SIGSEGV JVM Crash with ZGC Garbage collection

Kibana version: 7.17.5

Elasticsearch version: 7.17.5

Java: OpenJDK 64-Bit Server VM Temurin-17.0.6+10 (build 17.0.6+10, mixed mode, sharing)

APM Agent language and version: Java 1.37.0

OS: Alpine Linux v3.17

Running on a google managed kubernetes cluster, v1.24.12-gke.500 - we have APM on about 85 different microservices, only seems to be affecting this microservice/set of pods.

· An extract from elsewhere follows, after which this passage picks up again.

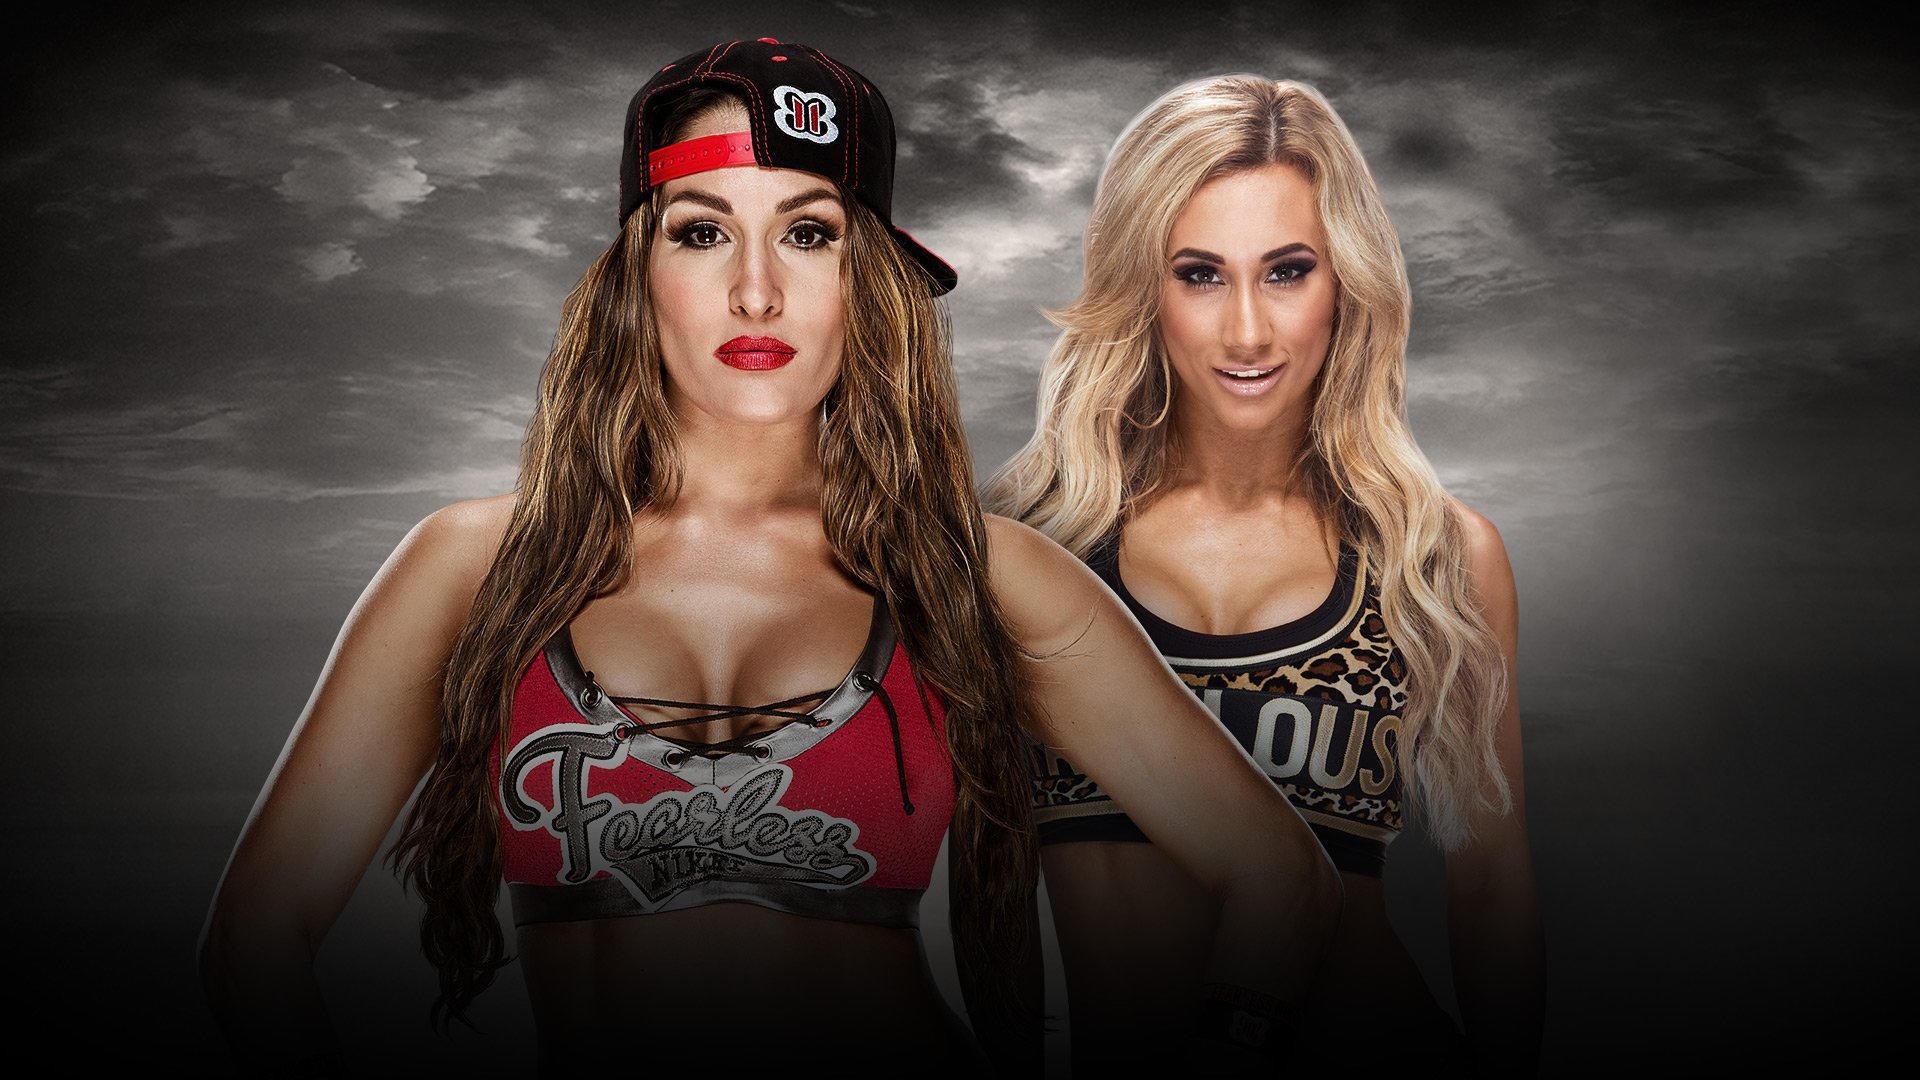 WWE NO MERCY - OCTOBER 9 - SACRAMENTO, CALIFORNIA 20160927_Nomercy_BrieCarmella--a57bca04a8aa419165b776e0fb93667f

I cant reproduce it, happens randomly, but usually withing 24 hours of a new pod rolling out. I have coredumps and full error files for 3 crashes so far, they are pretty big (up to 9Gb)

---------------  T H R E A D  ---------------

Current thread (0x00007f74cf32c380):  GCTaskThread "ZWorker#1" [stack: 0x00007f74cf126000,0x00007f74cf226aa8] [id=14]

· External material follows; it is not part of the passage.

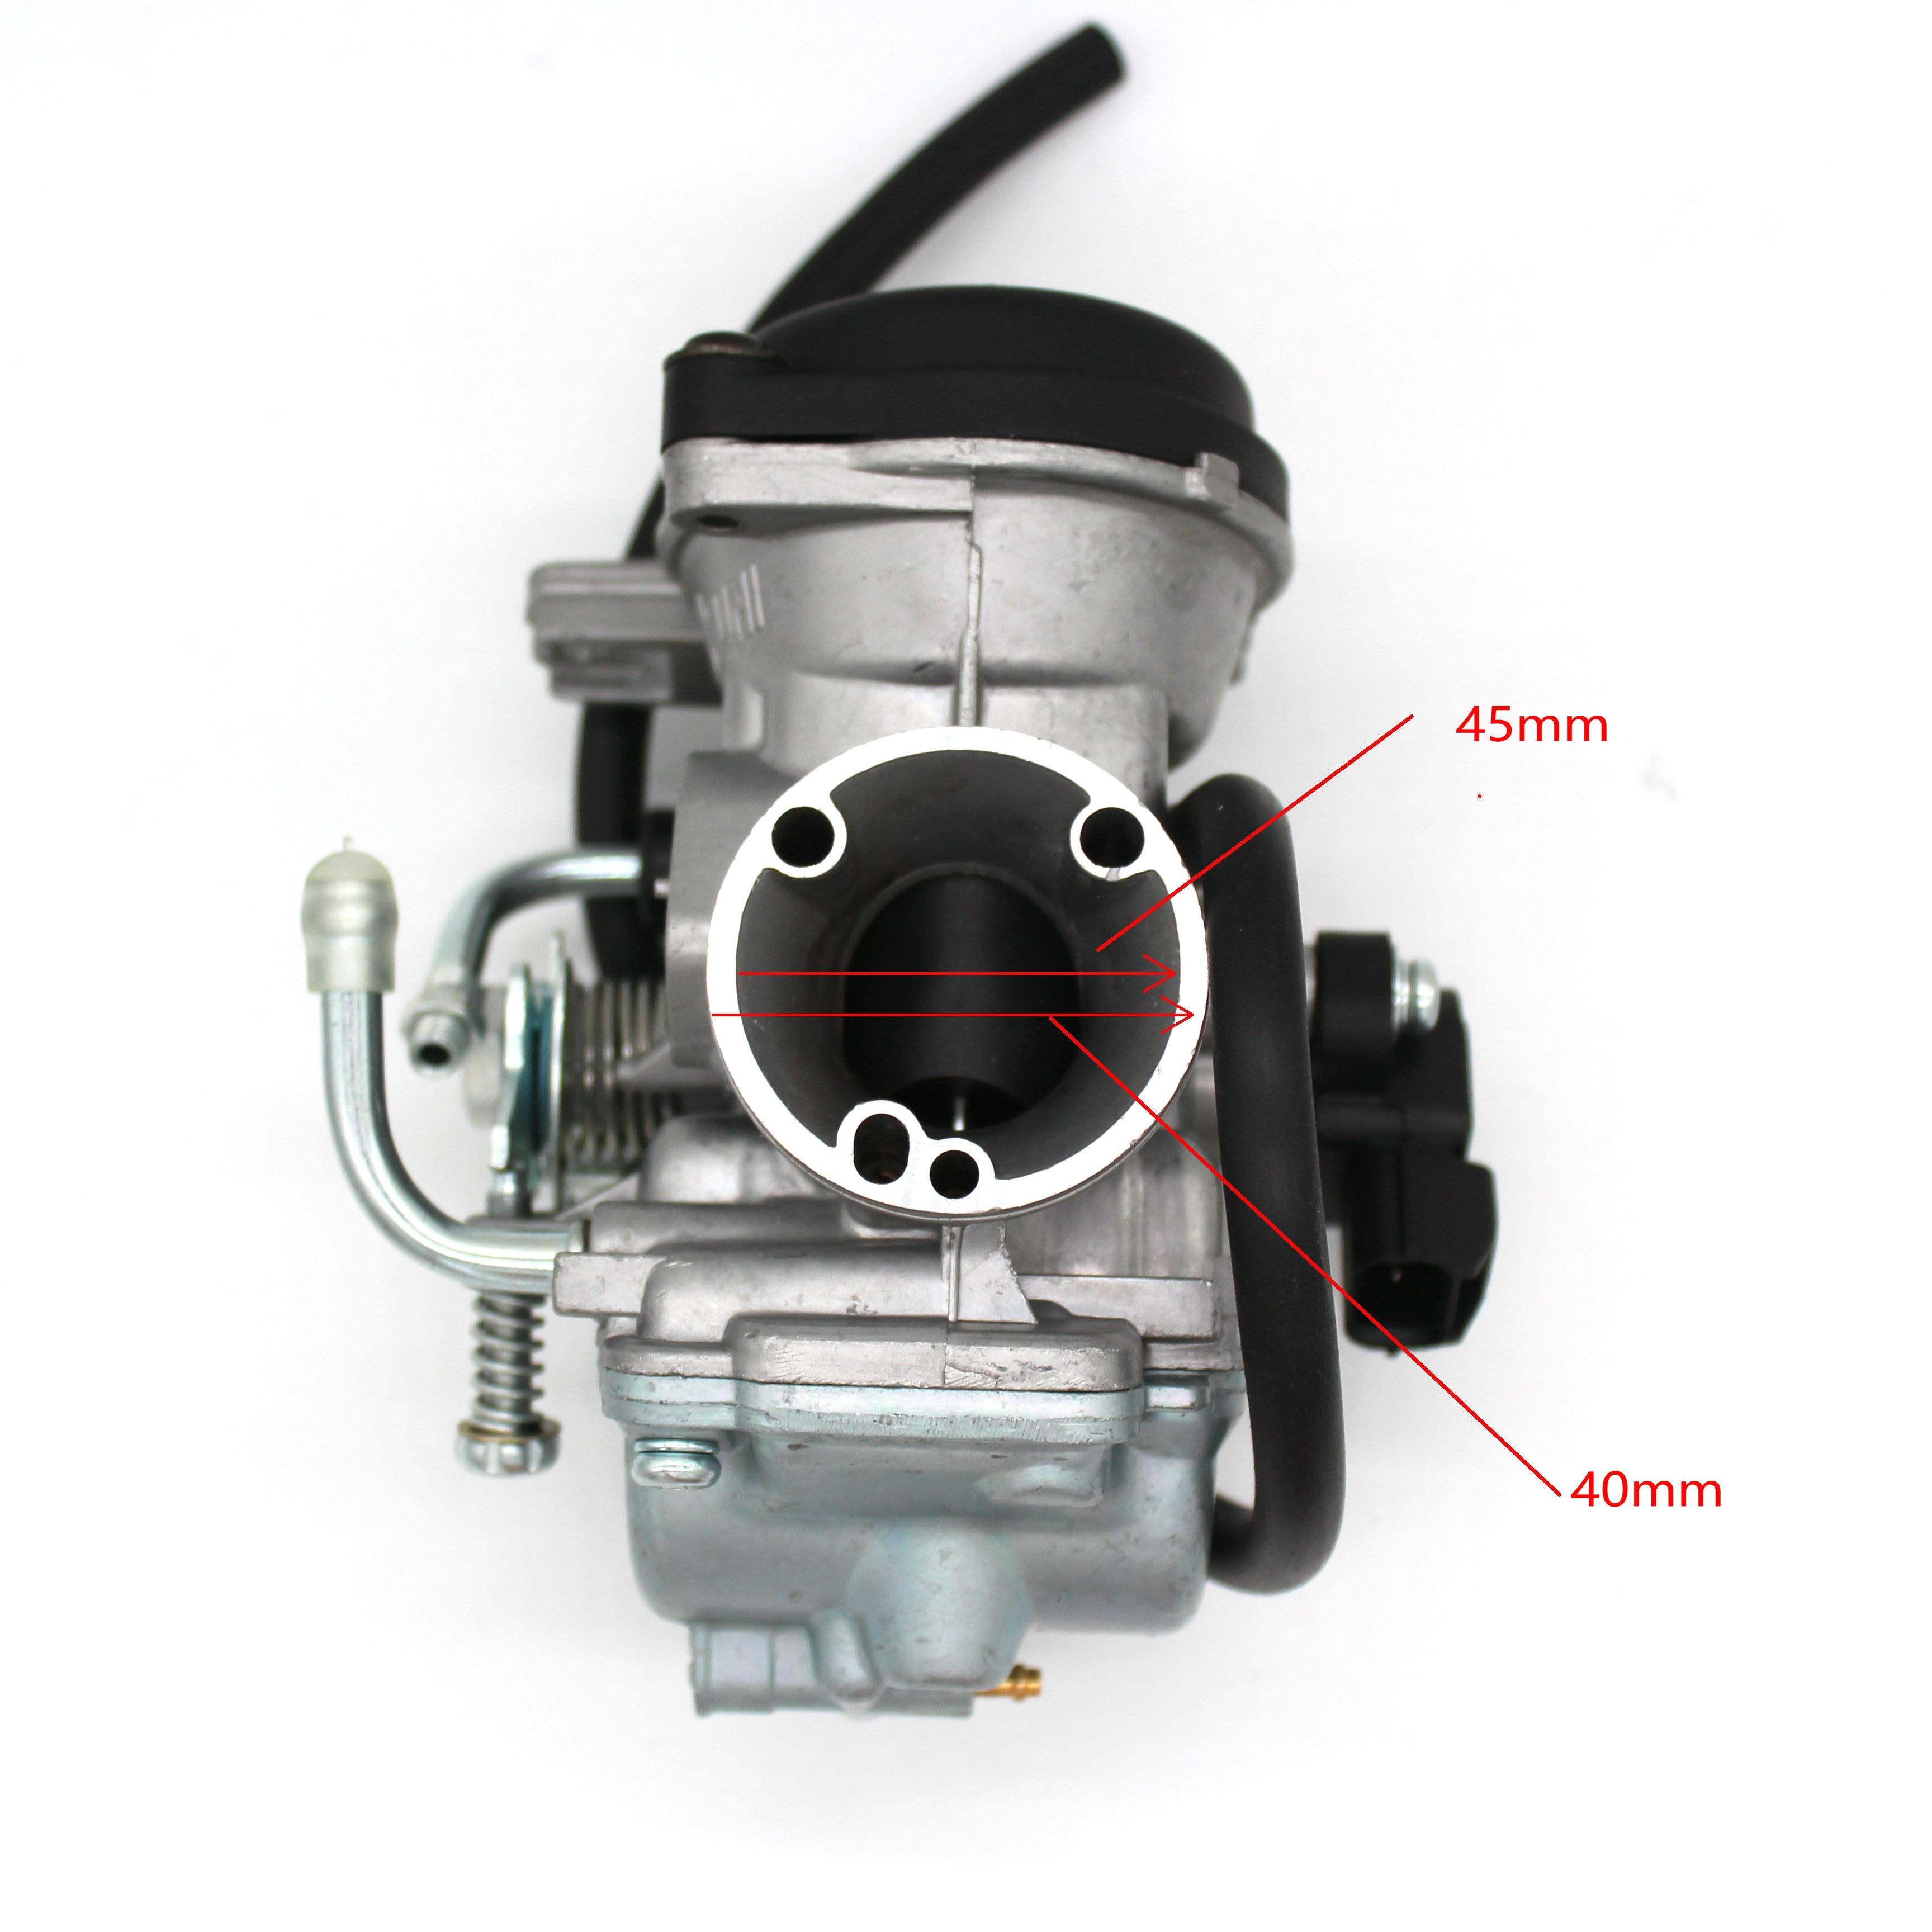 Carburateur pour Suzuki LT50 LT50 JR50 Quadrunner ATV moto Carb

Stack: [0x00007f74cf126000,0x00007f74cf226aa8],  sp=0x00007f74cf2205e0,  free space=1001k
Native frames: (J=compiled Java code, j=interpreted, Vv=VM code, C=native code)
V  []  ZBarrier::mark_barrier_on_oop_slow_path(unsigned long)+0x8b
V  []  void OopOopIterateDispatch<ZMarkBarrierOopClosure<false> >::Table::oop_oop_iterate<InstanceKlass, oopDesc*>(ZMarkBarrierOopClosure<false>*, oopDesc*, Klass*)+0x93
V  []  ZMark::follow_object(oopDesc*, bool)+0xb0
V  []  ZMark::work_without_timeout(ZMarkCache*, ZMarkStripe*, ZMarkThreadLocalStacks*)+0xcf
V  []  ZMark::work(unsigned long)+0x8f
V  []  ZTask::GangTask::work(unsigned int)+0x1c
V  []  GangWorker::loop()+0x5f
V  []
V  []  Thread::call_run()+0xc0
V  []  thread_native_entry(Thread*)+0x131

siginfo: si_signo: 11 (SIGSEGV), si_code: 1 (SEGV_MAPERR), si_addr: 0x0000000000000004

Register to memory mapping:

RAX=0x0000000000000064 is an unknown value
RBX=0x00000374d93b52e8 is an unknown value
RCX=0x00007f74e75a1068: <offset 0x0000000001370068> in /opt/java/openjdk/lib/server/ at 0x00007f74e6231000
RDX=0x00007f74e7549140: <offset 0x0000000001318140> in /opt/java/openjdk/lib/server/ at 0x00007f74e6231000
RSP=0x00007f74cf2205e0 points into unknown readable memory: 0x0000040081e7cd58 | 58 cd e7 81 00 04 00 00
RBP=0x00007f74cf220610 points into unknown readable memory: 0x00007f74cf220660 | 60 06 22 cf 74 7f 00 00
RSI=0x000008007edd8c20 is a good oop: java.lang.String 
{0x000008007edd8c20} - klass: 'java/lang/String'
 - string: "co.elastic.apm.exception"
RDI=0x00007f74d93b52e8 is at entry_point+2728 in (nmethod*)0x00007f74d93b4190
R8 =0x00007f74de5924d8 points into unknown readable memory: 0x0000000000000003 | 03 00 00 00 00 00 00 00
R9 =0x00007f74cf220670 points into unknown readable memory: 0x00007f74e7476900 | 00 69 47 e7 74 7f 00 00
R10=0x0 is NULL
R11=0x00007f74cf340880 points into unknown readable memory: 0xffffffff0003af9a | 9a af 03 00 ff ff ff ff
R12=0x00000b74d93b52e8 is an unknown value
R13=0x0 is NULL
R14=0x00007f74cf340440 points into unknown readable memory: 0x00007f74e7476478 | 78 64 47 e7 74 7f 00 00
R15=0x000008002225d6f8 points into unknown readable memory: 0x00007f74d93b52e8 | e8 52 3b d9 74 7f 00 00
1 Like

This is still an ongoing issue, we have changed:

  • APM Agent to version 1.42.0
  • Base Image from Alpine to Ubuntu Jammy (to test musl versus glibc)

But the problem persists.

Linked Issues:

Can also confirm that updating to Java did not resolve the issue

Increased Stack size to 10m, still SIGSEGV.

Removing the APM Java agent eliminates all SIGSEGV errors and the pods are stable now. Clearly APM related, but no clear solution.